17 On 18 August 2016, Mr Young filed a notice of intention to appeal to the Court of Appeal from Harrison J's order.
18 On 24 August 2016, a registrar allocated the bankruptcy proceedings to a judge for hearing. The register ordered that the parties could not rely on any further evidence without leave of the Court. The registrar, no doubt, did so conscious that the only evidence that had been filed, pursuant to the orders of 27 April 2016, was an affidavit of the solicitor for Mr and Mrs Cooke on 29 June 2016, a week later than the time limited by the registrar's order of 27 April 2016 and that they had also filed their submissions on 18 August 2016. Mr Young had filed nothing until he filed a lengthy affidavit sworn on 19 August 2016, together with detailed submissions.
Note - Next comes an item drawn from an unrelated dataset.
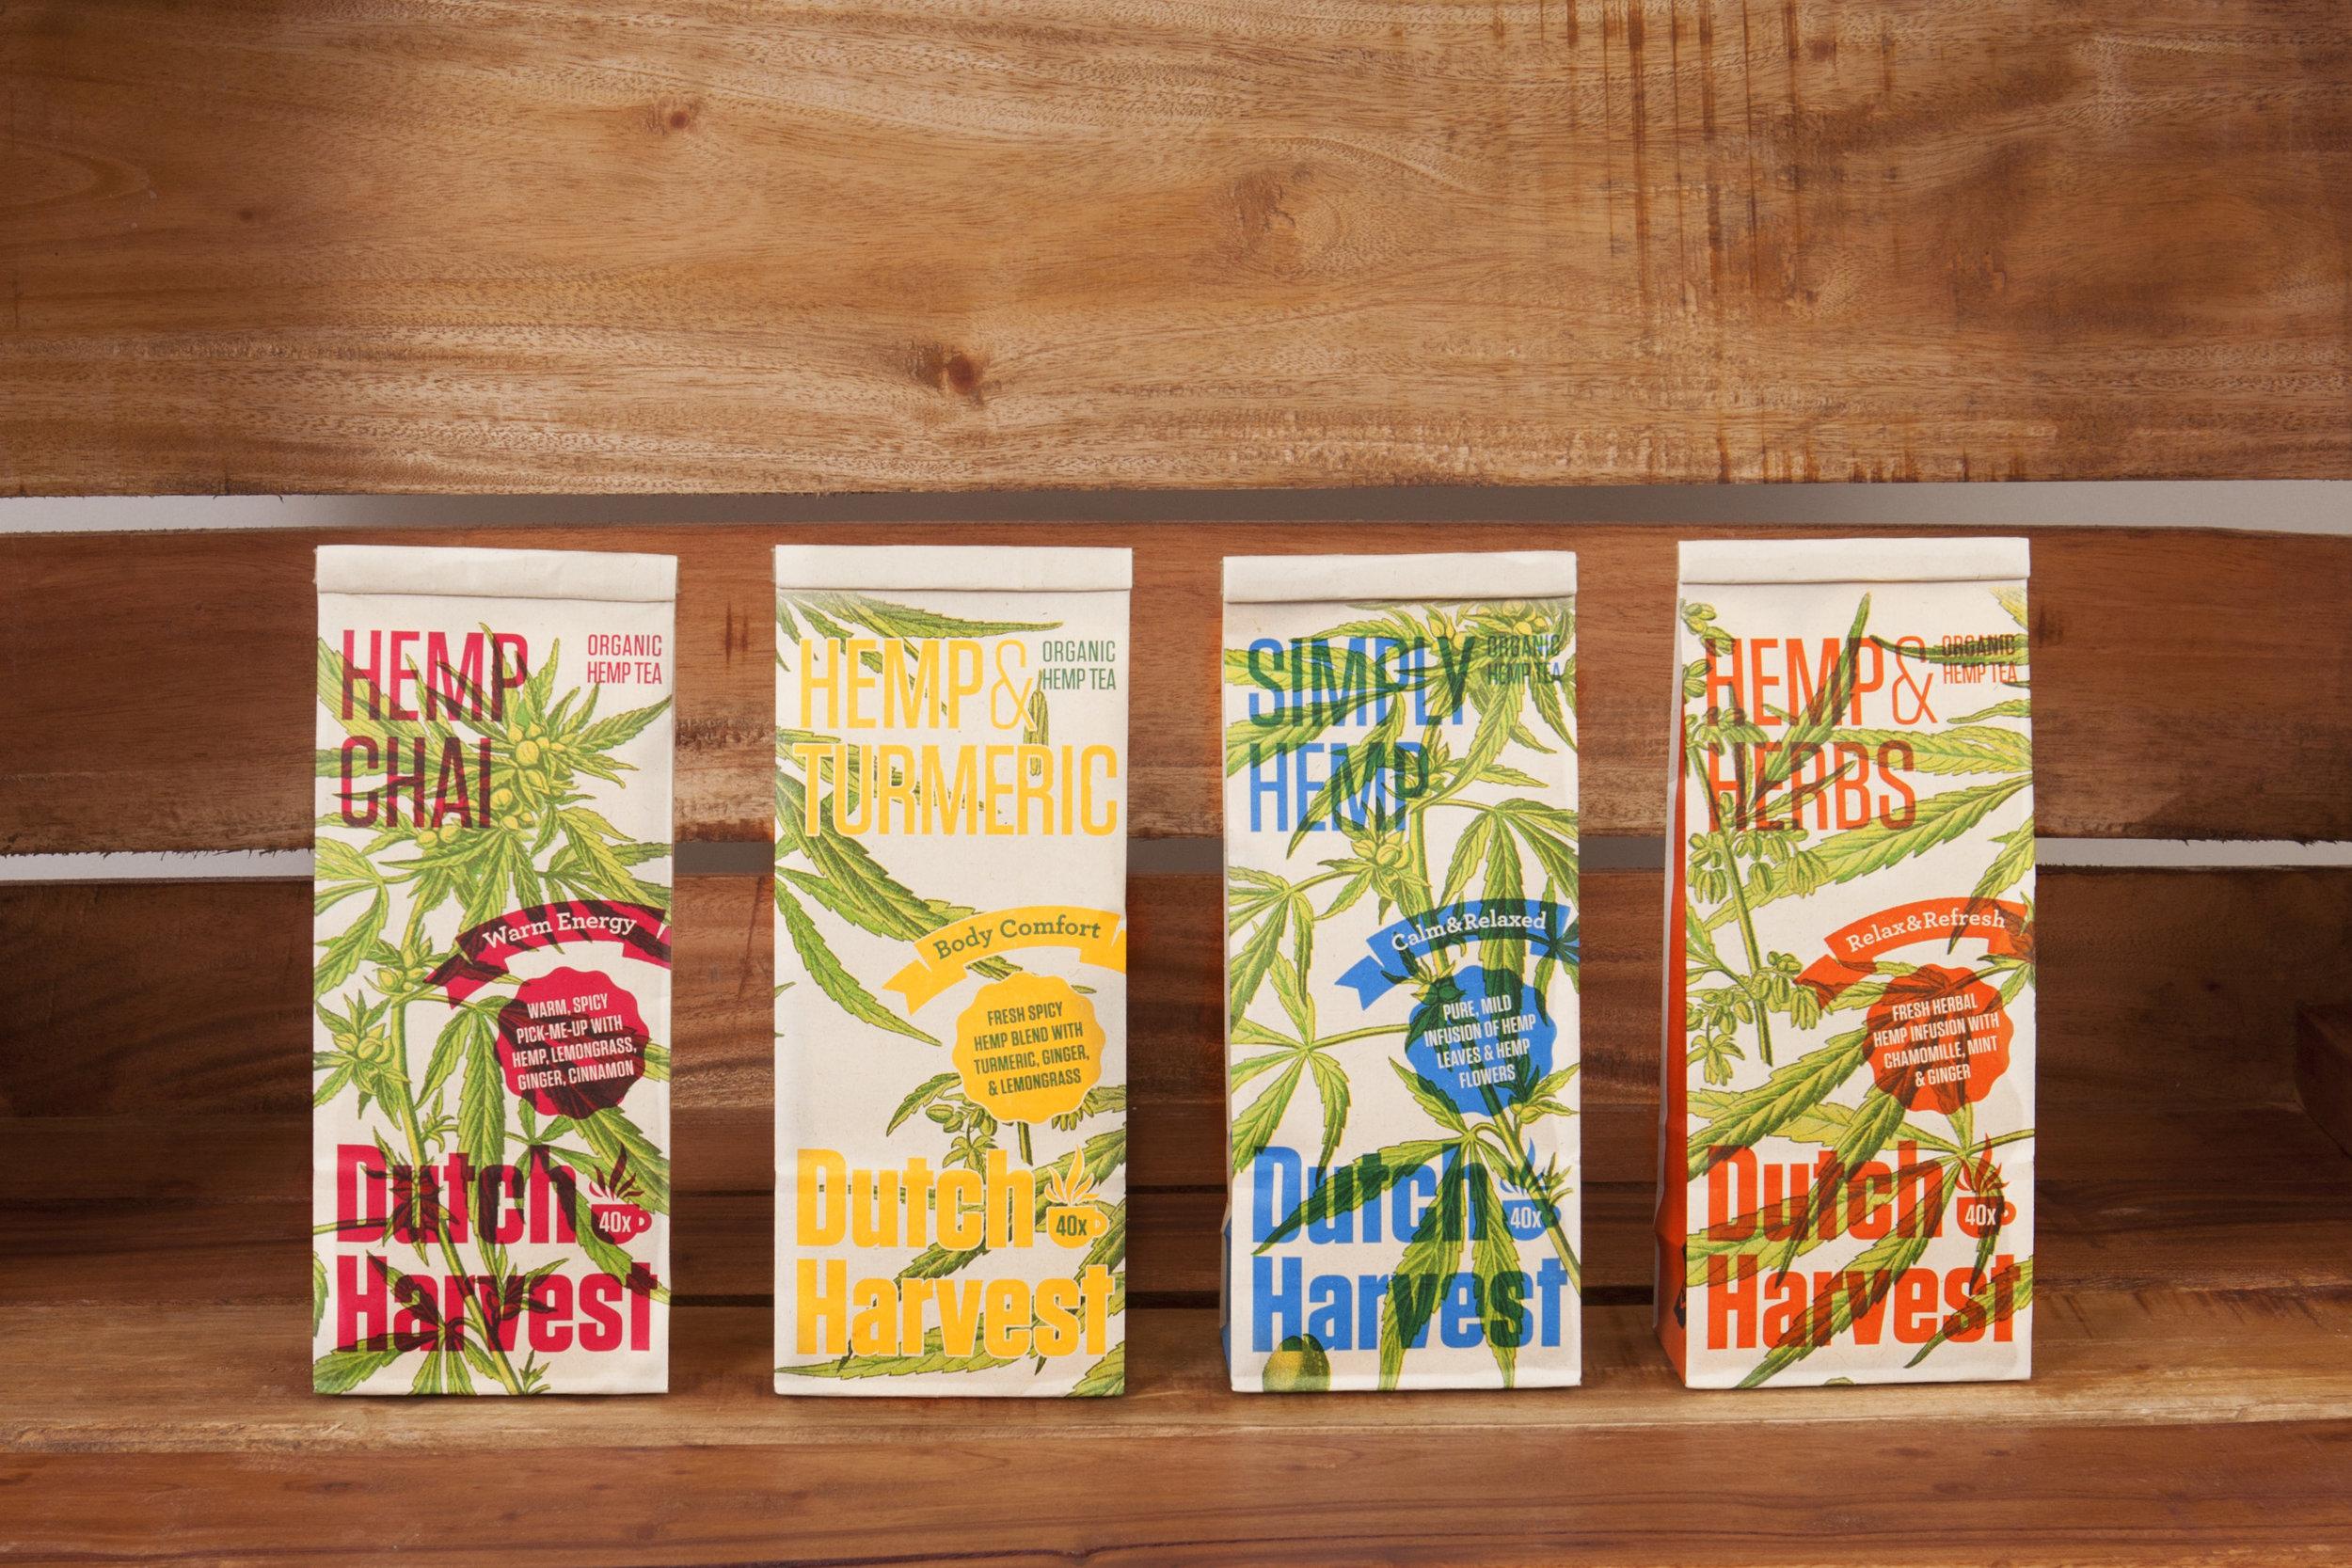 Dutch-Harvest-Hemp-Tea-Allpacks-Front.jpeg
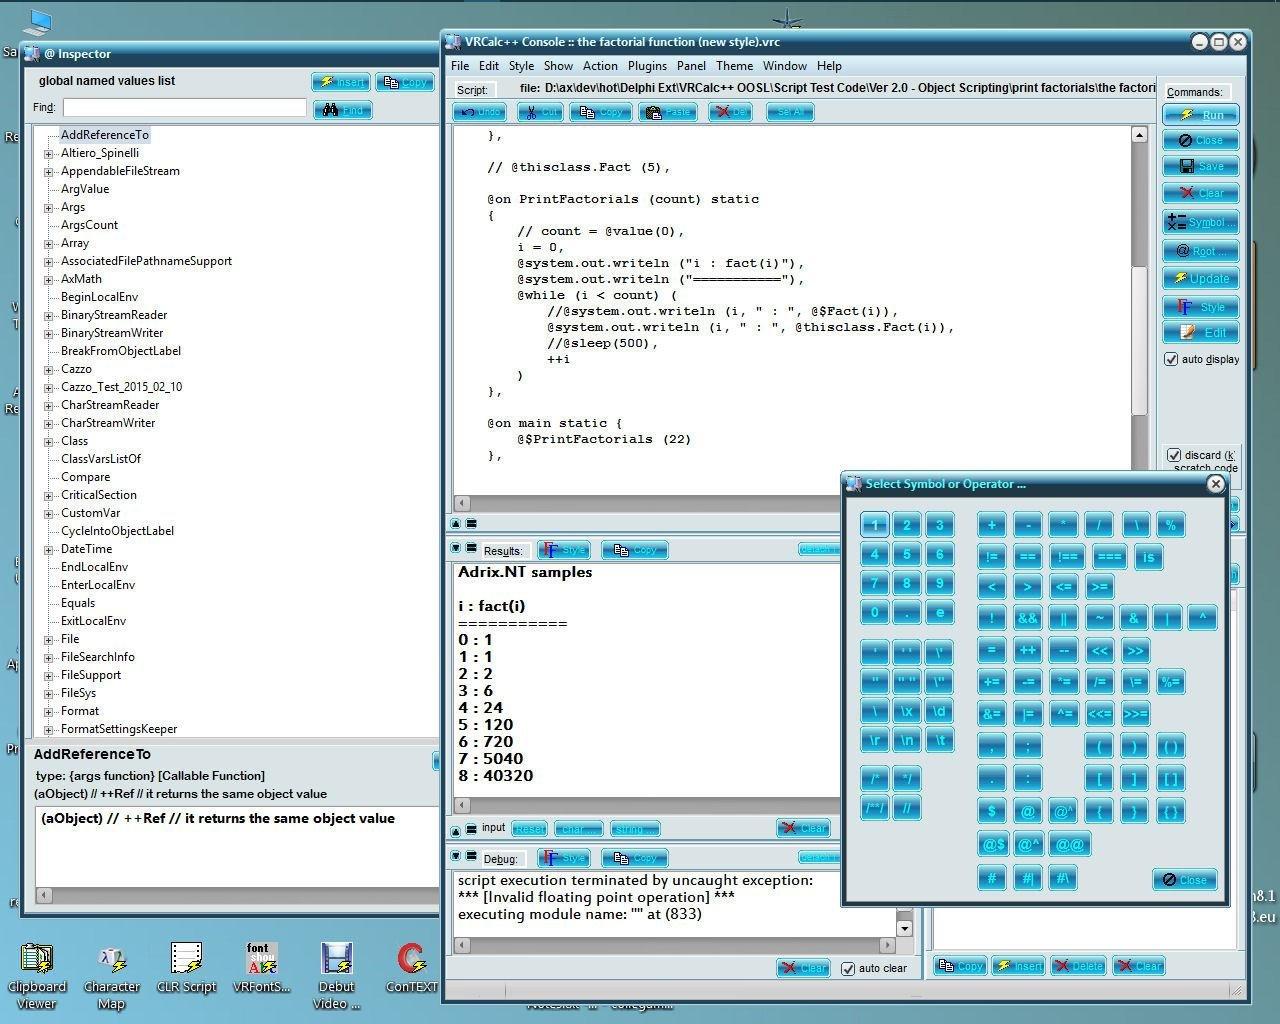 Roblox Script Executor Source Code - Roblox Hack Commands

19 The last part of the forensic saga that I have recited, apart from the hearing today, was a summons that Mr Young filed in the Supreme Court on 8 September 2016, in which he sought orders that, in effect, would confirm, that the order made by Bradd LCM on 2 May 2016, that there be no order as to costs, included, in some way, the Local Court's order of 8 July 2015 giving effect to the cost certificate of the assessment of Mr and Mrs Cooke's costs in the Court of Appeal. That summons is returnable before the Supreme Court on 19 September 2016.